You would think I might have learned from experience. Never rush out to do a POTA activation without first checking that all the necessary parts of my portable kit are packed.
The last time I made this mistake it was the power cable that was missing. This time I arrived on site without an antenna!
My local library has Ontario Parks day passes that can be borrowed at no charge. I had just picked mine up and was excited to get out and use it.
It was about a 45-minute drive from home to Craigleith Provincial Park on the south shore of Georgian Bay. Shortly after arriving I unpacked my radio, battery, CW paddle and earbud phones. I grabbed the modified aluminum ski pole that I use to support my portable vertical antenna and drove it into the hard ground with a rock that was lying nearby.

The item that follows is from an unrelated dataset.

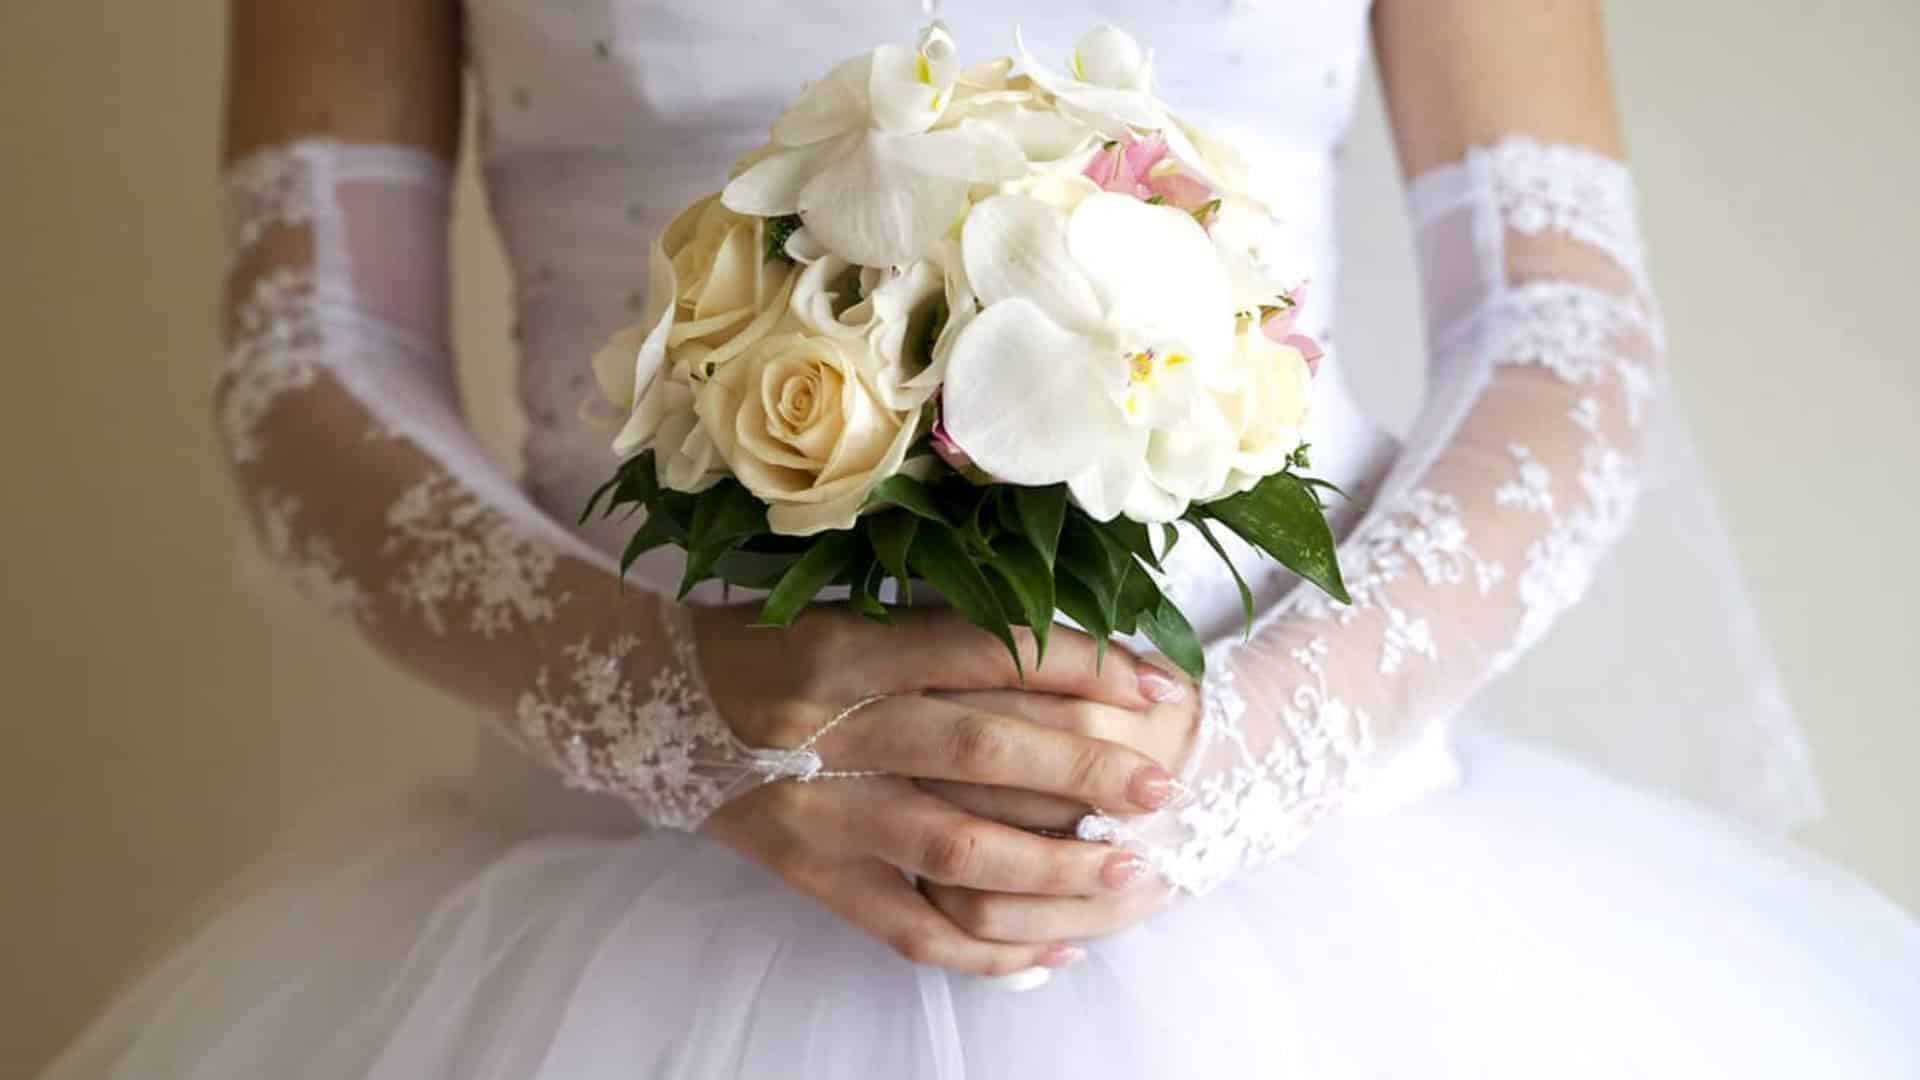 Woman in white dress holding a bouquet with white flowers

Then, suddenly, I had one of those “oh no!” moments when I reached for the antenna and realized I had left it at home!
“What the heck am I going to do now?” I thought. My first reaction was to shrug my shoulders and forget about the activation. But then I thought, “what would MacGyver do in this situation?”
My mind was processing all kinds of ideas for saving the day. None seemed practical until I remembered the 33ft counterpoise wire in my pack. “Hey, maybe I could make a dipole”. But I had no means for connecting a dipole to my coax feedline.
I used to know a guy who claimed to be a purveyor of the hardest organ in your body – he was a dentist. I am sure he would not have approved of the way I stripped the insulation off my Macgyver-inspired dipole after I cut that 33ft wire in half.
Next problem: how to connect the two wires to the coax. One wire had a big alligator clip on one end that I clipped to the coax shield. The other wire was wrapped around the centre pin of the PL-259 plug on the coax.
The centre of the dipole was only about 4ft above ground. I threw the ends of the wires into nearby trees but they were only 8 to 10 feet above ground. There was no way I was going to be heard with an antenna like this!
Well I was wrong! I keyed up and saw the SWR was less than 1.5:1 and felt a surge of hope. After self-spotting on the POTA website I started calling CQ. The responses came thick and fast. I logged stations from the US west and several in Texas and Florida.
Then, with mild astonishment I logged a station in Sweden, followed shortly afterwards by another station in Belgium!
So, the moral of the story is never give up and never underestimate a simple makeshift antenna. Use whatever you have and think positive!